Texas Rangers' Epic Collapse Could Signal the Decline of the Team
The Rangers spent 156 games this year in first place by themselves. Two other games they were tied for first place.
The only days the Rangers were not in first place were the second and third games of the year and the final game of the year.
The narrative for the entire season was clear. The Rangers were one strike away from winning the 2011 World Series twice and found a way to lose. This was the year that the gloves were off. They had a mission and that was to get that final strike.
They were going to be like the 1989 Oakland Athletics or the 1992 Toronto Blue Jays or the 1995 Atlanta Braves or the 2009 New York Yankees. Each of those teams were World Series winners who atoned for the failures of earlier teams.
The whole year they were simply the class of the American League. By mid-April, they had a 5.5-game lead. They had a steady five-to-six-game lead for almost all of the season.
Their lineup was incredibly deep, led by Josh Hamilton's free-agent push and Adrian Beltre's all-around excellence.
Yu Darvish made everyone forget C. J. Wilson. Matt Harrison and Derek Holland pitched well and Joe Nathan anchored the bullpen.
And Ron Washington was becoming one of the most respected and loved figures in the game. All year the Rangers looked like the consensus pick to win the American League pennant.
Which was more heartbreaking?
After game 153, the Rangers were the best team in the American League by two games. They defeated the Oakland Athletics on a walk-off hit by Adrian Beltre, giving them a five-game lead with nine to play.
Winning the division was a formality. The magic number to clinch the best record in the American League was eight.

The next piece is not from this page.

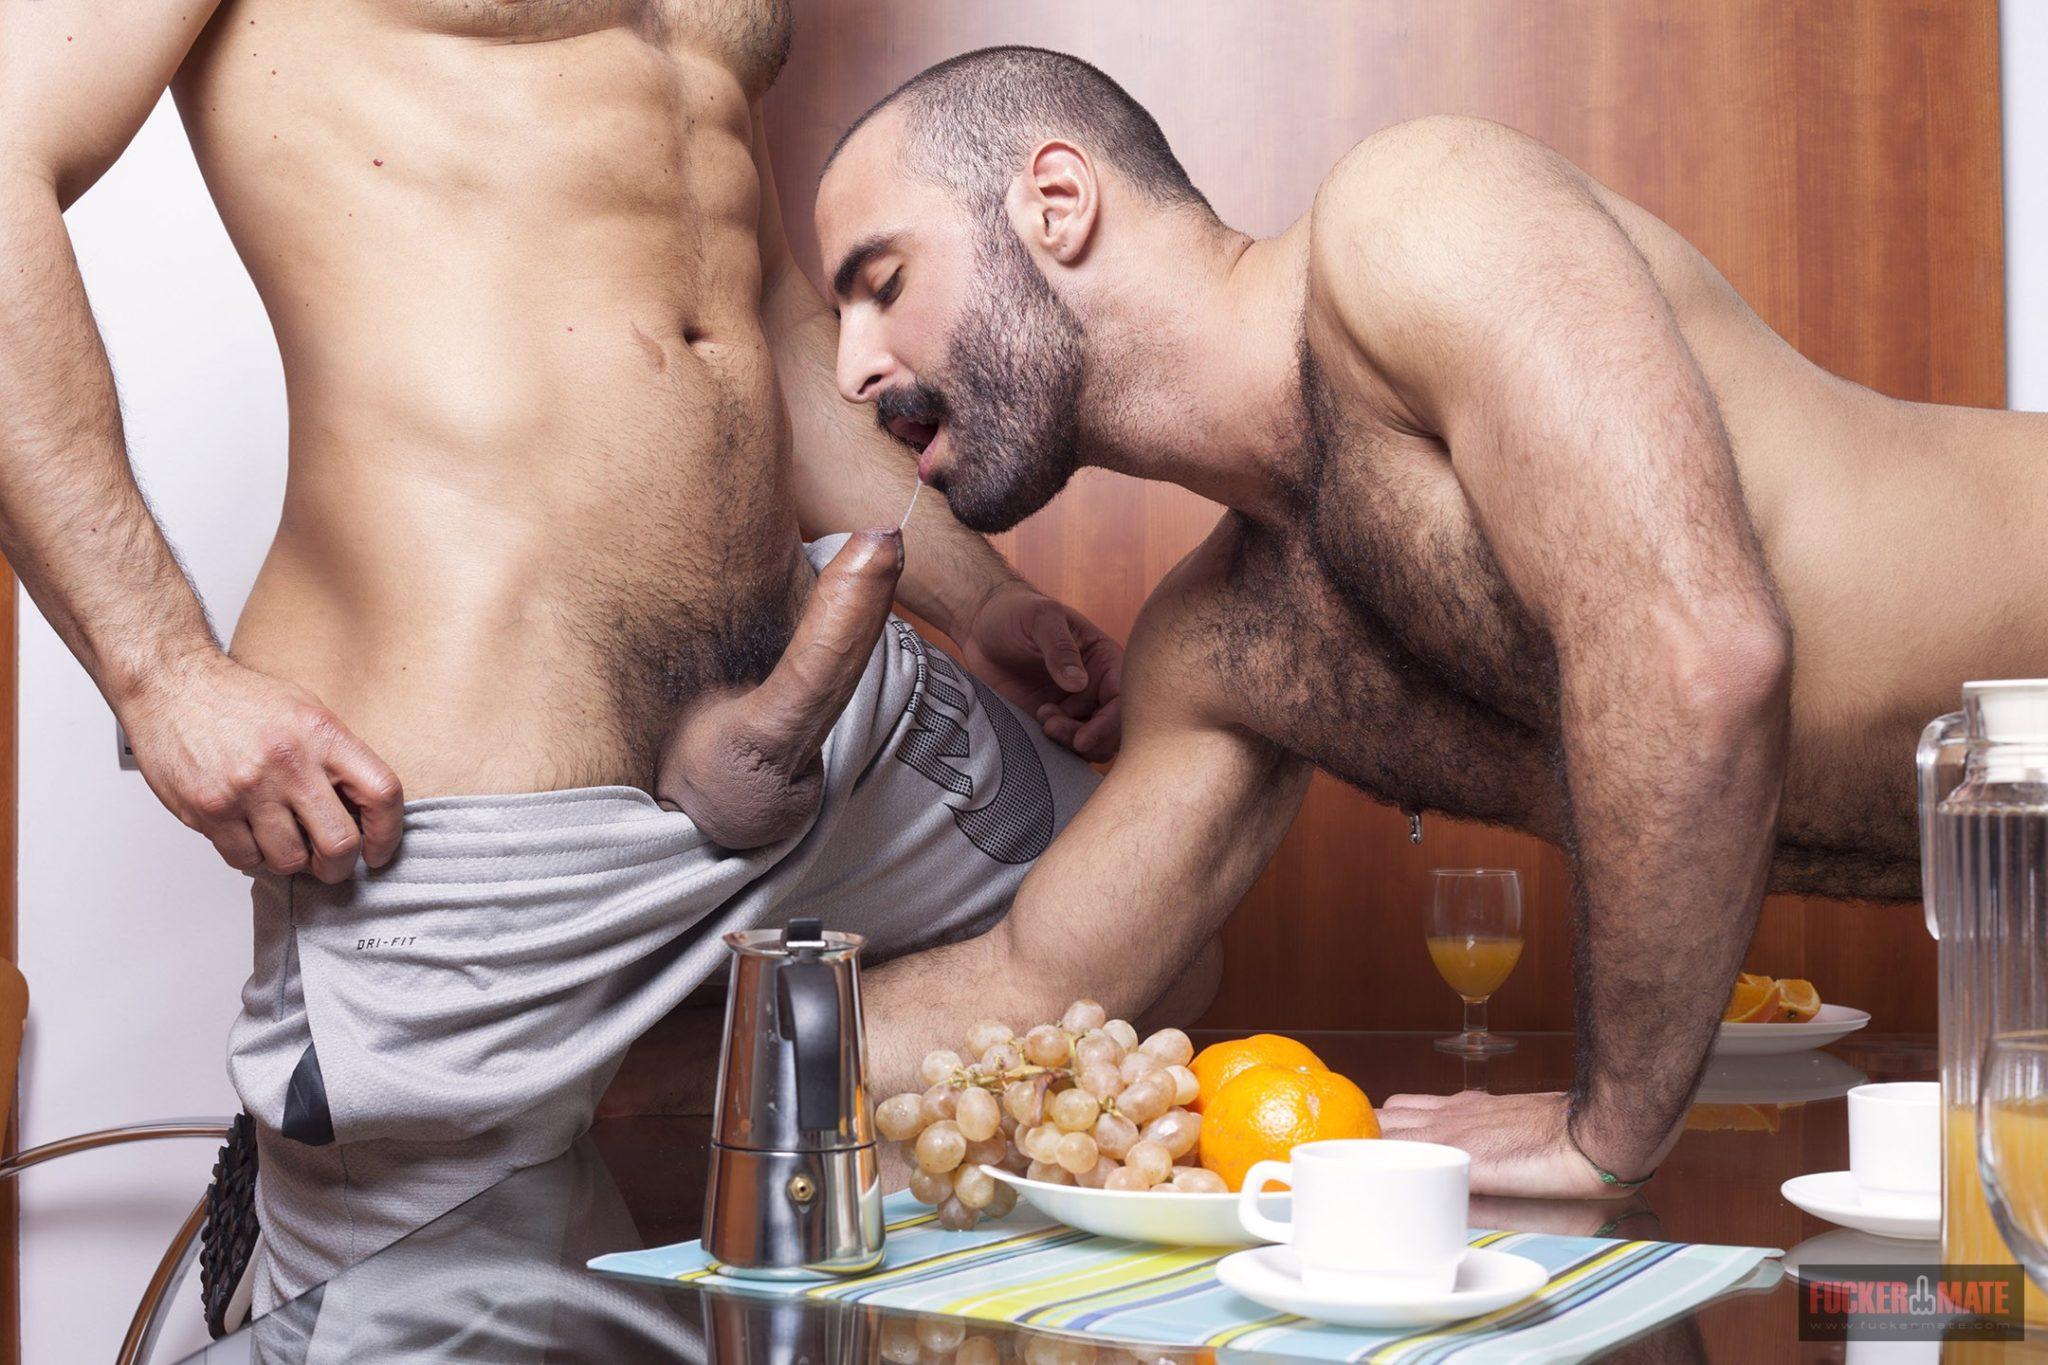 naked rough hard men

From that moment, the Rangers franchise collapsed.
The Rangers lost seven of their last nine games, including five to the Oakland Athletics. When they lost the Division on the last game of the season, it was a microcosm of the year.
The Rangers took a big 5-1 lead and looked like they were going to take control of the game. Then they let the A's creep back.
Then the A's took the lead when Josh Hamilton nonchalantly dropped a fly ball. Like the Rangers, they acted like they could cruise to a good result only to let Oakland sneak in.
This is in many ways worse than the Boston Red Sox collapse in 2011. That team missed the playoffs all together and did a spectacular faceplant. But by the end of the season, the Red Sox were not expected to go far in the playoffs. They probably would have been killed in the Division Series.
But these Rangers were still expected to win the American League pennant right up until that moment when Josh Hamilton dropped the ball.
Their effort in the Wild Card Game was feeble as the All-Star Rangers attack could muster only one run against Joe Saunders.
Now the Rangers, who looked like they were on their way to the title that would be the crowning achievement for the franchise, are at a cross road.
The window of opportunity for winning a World Series title is not large. Just ask the Boston Red Sox and the Philadelphia Phillies.
The Rangers are a veteran team that experienced back-to-back seasons of soul crushing heartbreak. Josh Hamilton is about to go on the open market. Most of the lineup is on the wrong side of 30.
If the Rangers regress, their fans will think of two fly balls that could have changed the course of the franchise forever. Nelson Cruz jumping too soon for that potential World Series ending catch in 2011 and Josh Hamilton dropping the ball in Oakland.
They may have had their one World Series title. It might be a long time before they get another chance.